POLÍTICA Segunda-feira, 31 de Maio de 2010 - 13:15 Com mercado interno aquecido, confiança da indústria sobe
Com da dos do blog da Miriam leitão - O gráfico abaixo, enviado pela Fundação Getulio Vargas (FGV), mostra que o Índice de Confiança da Indústria (ICI) continua elevado, por conta do aquecimento do mercado interno. Entre abril e maio, o indicador registrou alta de 0,7%, passando de 115,3 para 116,1 pontos, o terceiro maior nível da série iniciada em abril de 1995, ficando abaixo somente dos índices de novembro de 2007 e de março deste ano (116,9 e 116,5 pontos, respectivamente).

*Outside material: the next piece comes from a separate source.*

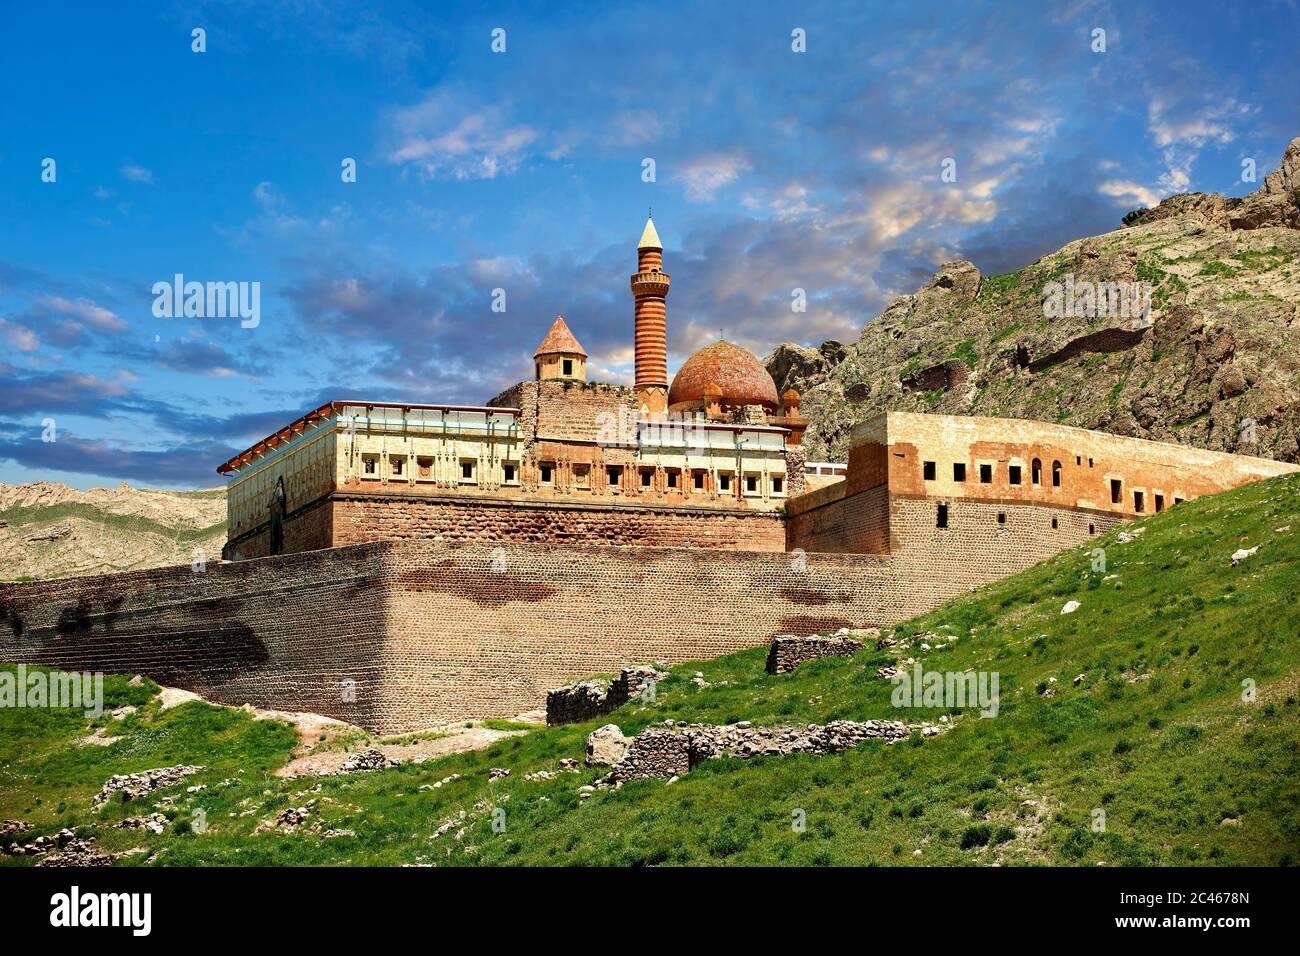 18th Century Ottoman architecture of the Ishak Pasha Palace (Turkish: İshak Paşa Sarayı) ,  Ağrı province of eastern Turkey. Stock Photo

- O resultado revela que a demanda interna continua aquecido em maio. Em relação aos meses seguintes, as expectativas, que vinham se tornando menos otimistas nos dois meses anteriores, voltaram a melhorar, embora ainda estejam menos favoráveis que no início do ano - diz análise da FGV.
De acordo com a sondagem, o Índice da Situação Atual (ISA) recuou 0,7% em maio, após 15 meses consecutivos de alta. O nível de 119,2 pontos supera o da média registrada no primeiro quadrimestre de 2010 (115,8 pontos); no caso do Índice de Expectativas (IE), a situação é oposta: apesar de ter avançado 2,7% em maio, de 110,5 para 113,0 pontos, está em patamar inferior ao da média dos quatro primeiros meses do ano (114,8 pontos).
- Mesmo com as quedas verificadas nos meses mais recentes, tanto o índice de expectativas quanto o de situação atual permanecem em patamar elevado, mostrando o quanto a demanda doméstica está aquecida. Entretanto, o simples fato da sua taxa de crescimento ter diminuído (e ficado mais acidentada) serve para mostrar que o vigoroso crescimento da economia no primeiro trimestre não deve se repetir no segundo trimestre - diz relatório do Banco Fator enviado ao blog.
A FGV ouviu 1.199 companhias, responsáveis por vendas de R$ 629,5 bilhões em 2008.
Nuci: estabilidade em torno de patamar elevado
O resultado de maio do nível de utilização da capacidade instalada (NUCI) mostra estabilidade em torno de um patamar elevado, segundo o economista Elson Teles, da Máxima Asset. Hoje, a Fundação Getulio Vargas (FGV) divulgou que esse indicador apresentou decréscimo entre abril e maio, ao passar de 85,1% para 84,9%.
O resultado supera a média registrada nos quatro primeiros meses deste ano (84,3%) e a média desde 2003 (83%), mas ainda está abaixo da dos 12 meses anteriores à crise de setembro de 2008 (85,9%).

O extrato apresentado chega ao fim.